Jonalyn Paden, administrative assistant for Repairers, said in an affidavit, “I have not physically reported to work since Aug. 26 due to the atmosphere MacCanon Brown created at Repairers.”
The organization was founded on the premise that homeless men and women reach out to one another and improve their lives together. It relies upon the volunteer work from Milwaukee residents including Marquette students.
Maryann Radowski, service learning coordinator at the organization, said an average of about 20 Marquette students volunteer at the center each semester as service learning students. Radowski said the service learning program expanded in the past five years in which she has been at Repairers.
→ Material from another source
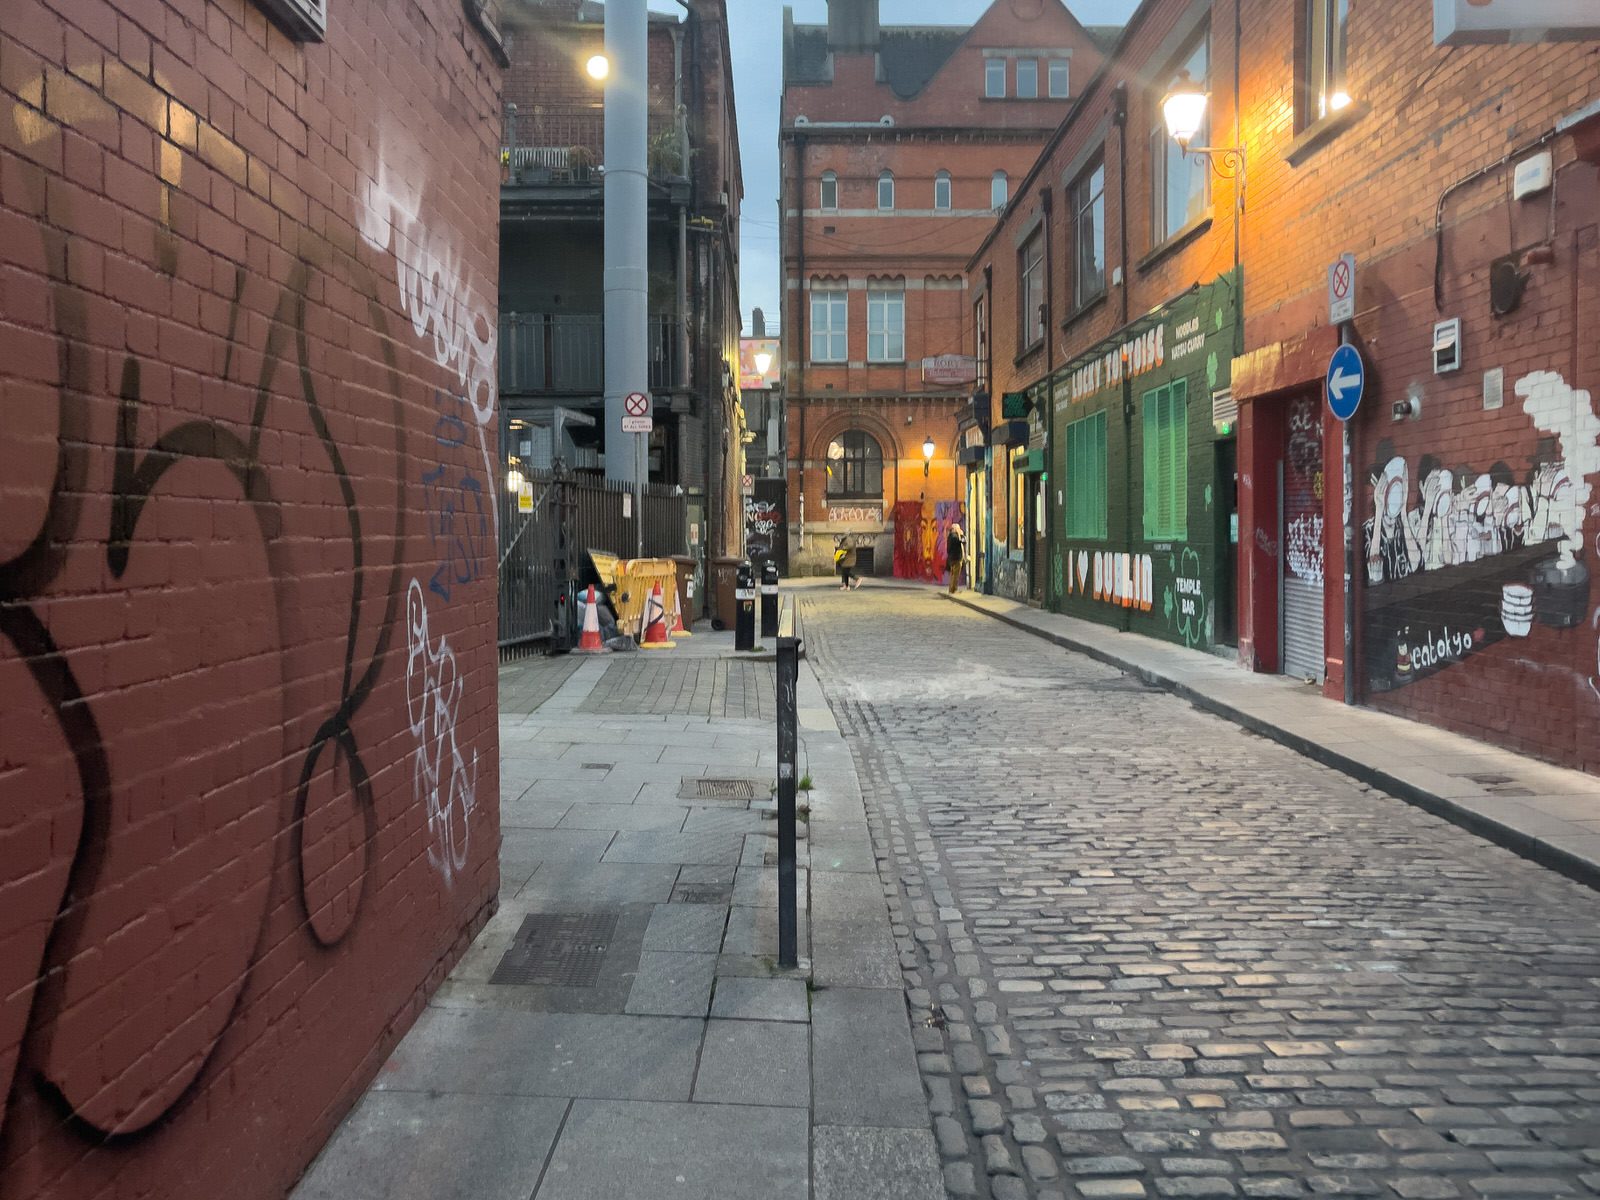 I VISITED TEMPLE BAR TODAY [AS NIGHTFALL WAS APPROACHING]-225335-1

Other Marquette volunteers stop at the center regularly outside of service learning, though. Allen Samson, a junior in the College of Nursing, said she began volunteering at Repairers this semester through her work with Noon run, another nonprofit serving the homeless in Milwaukee. She said she was disappointed after hearing about the lawsuit.
“It’s a great grassroots nonprofit organization that has volunteers and workers who really understand the impoverished population they are helping because they were in the same situation,” Samson said. “It would be sad if Repairers of the Breach’s services suffered due to this disconnect.”
Kelsey Schanke, a junior in the College of Business Administration, worked at Repairers of the Breach last semester as a service learning student. She also expressed concern that this might affect the members of the organization.
“I loved going to Repairers and I never thought there were any issues going on with the board,” Schanke said. “I am pretty disappointed that this is occurring, because I really believe in that organization and I hope that this doesn’t affect the people who are helped by Repairers.”
Radowski said in an email that turmoil surrounding the administration of Repairers will not inhibit the service learning schedule at the center.
The court battle approaches just a few months after the organization finished renovations to its three-story center, a construction process that lasted about two years.